Expanding the coverage and real-world applications of biomedical knowledge in Wikidata

Currently, Wikidata is mainly used to support semantic information and develop educational dashboards about genomes, diseases, drugs and proteins[2]. Yet, biomedical knowledge is broader than this and needs to be less distorted in Wikidata so that this open ontological database can be used in various contexts of the clinical practice[2]:

  • Despite the significant representation of biomedical knowledge in Wikidata, many classes and relation types are still not well covered in this open knowledge graph[2]. This includes symptoms, syndromes, clinical trials, disease outbreaks, classifications, and surgeries among other types of important biomedical items[2]. In this research project, we will try to add new Wikidata properties related to biomedicine as we did for risk factor and medical indication. We will also define new classes for unsupported types of medical entities and we define data models for describing them in Wikidata, as we did for Clinical Trials[22].
  • Due to their structured format, knowledge graphs can be easily processed to extract features about a topic. This is enabled thanks to SPARQL as a query language or APIs as computer-friendly interfaces. Particularly, Wikidata API can be reused using Wikibase Integrator to drive knowledge-based systems[10]. Similarly, the outputs of SPARQL queries can be embedded to HTML pages to create real-time dashboard for various applications[10]. In this research project, we will explain how computer scientists and medical specialists can use Wikidata to improve their work through a series of opinion papers and implementation papers. The applications we will be dealing with include the use of Wikidata to:
    • Support clinical decisions, health research, and medical education through driving FHIR RDF-based structured electronic health records.
    • Create real-time bibliometric studies to evaluate health research and predict award-winning ones
    • Augment keyword analysis for bibliometric analyses and literature reviews
    • Biomedical Ontology Engineering

DisseminationEdit

This project goes in line with three points of the 2030 Wikimedia Strategic Direction: “Coordinate Across Stakeholders”, “Increase the Sustainability of Our Movement” and “Identify Topics for Impact”. Developing a framework to update, enrich and validate Biomedical Knowledge in Wikidata will allow ensuring better data quality for Wikidata in the healthcare context. Such quality for a freely available resource will increase the trustworthiness of Wikidata as a reference for physicians, pharmacists, and other medical professionals.

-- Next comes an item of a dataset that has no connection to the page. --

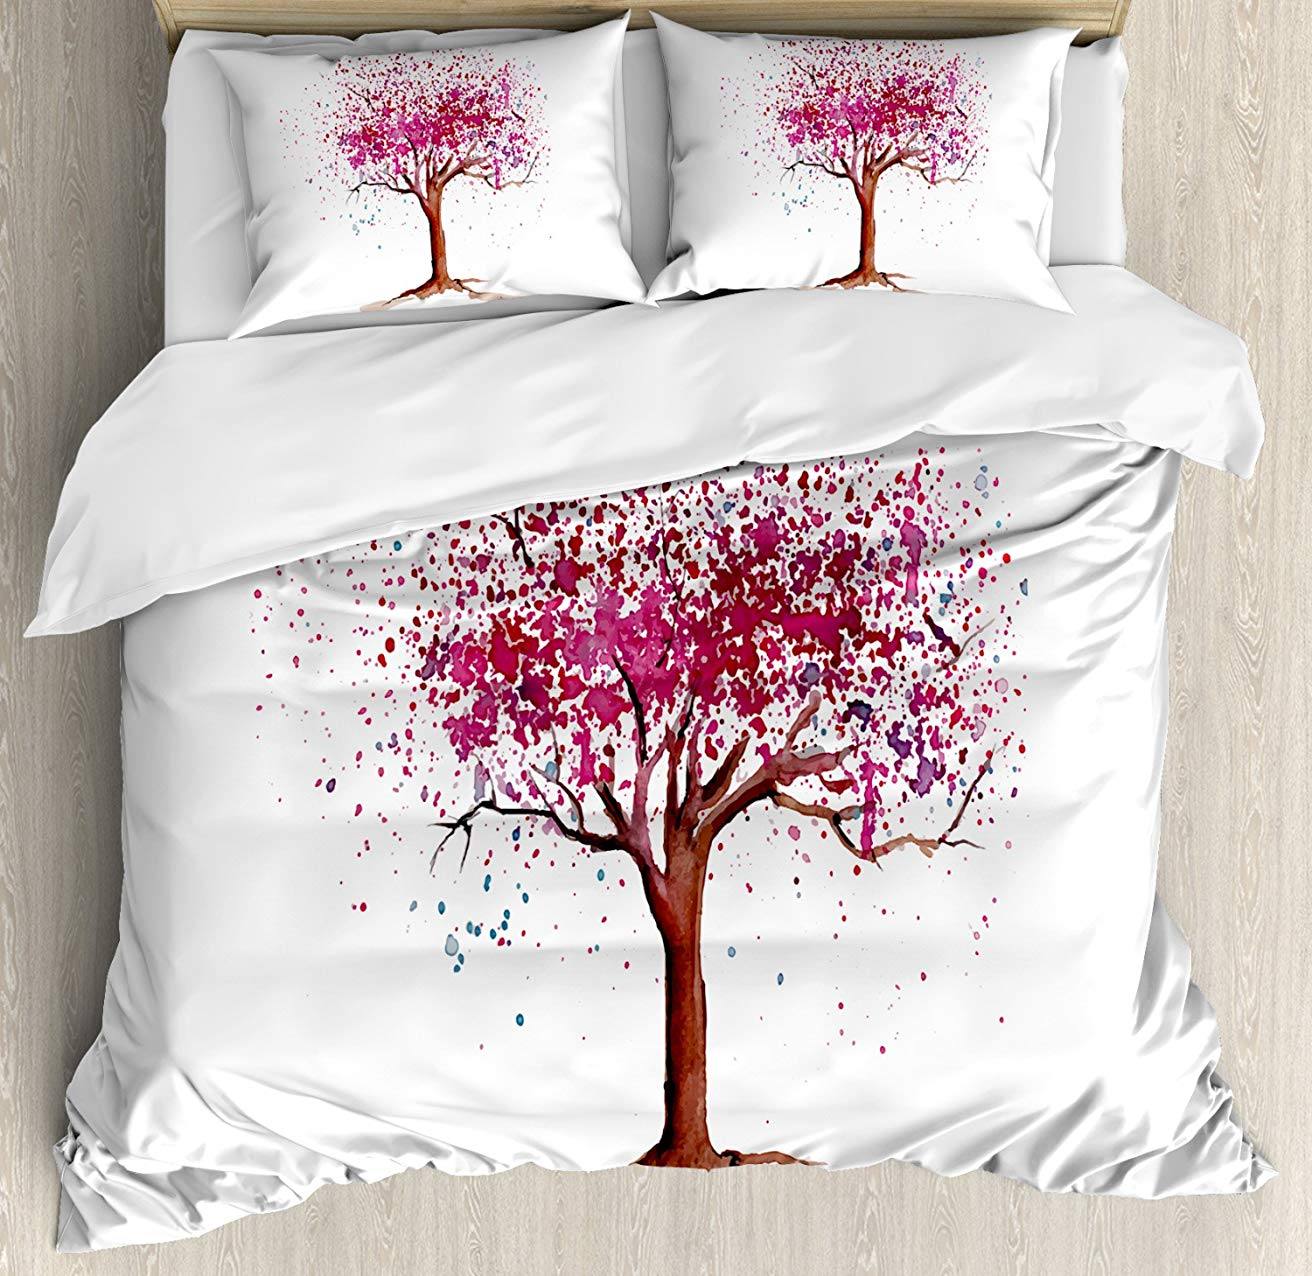 Ensemble housse de couette florale, bourgeons de fleurs de cerisier japonais Sakura arbre à l'aquarelle beauté Essence œuvre, ensemble de literie 3 pièces

This will allow for better patient management and health education in the Global South. This will solve representation gaps related to medical content for content, contributors, and readers as defined in the knowledge gaps taxonomy. Extending the use of Wikidata for clinical practice will allow the creation of knowledge-based medical systems at a low cost. This will allow the achievement of three UN Sustainable Development Goals: “Good Health and Well-Being” (SDG 3), “Quality Education” (SDG 4), and “Sustainable Cities and Communities” (SDG 11). From the perspective of the Wikimedia Movement, the Project will be referential for Wikimedia affiliates and communities from Africa, particularly Wikimedia Tunisia and African Wikimedia Developers Project, if they would like to continue working on the medical output of Wikidata and create projects about biomedical applications of Wikidata or if they would like to formulate a research project and apply for the next editions of Wikimedia Research Fund.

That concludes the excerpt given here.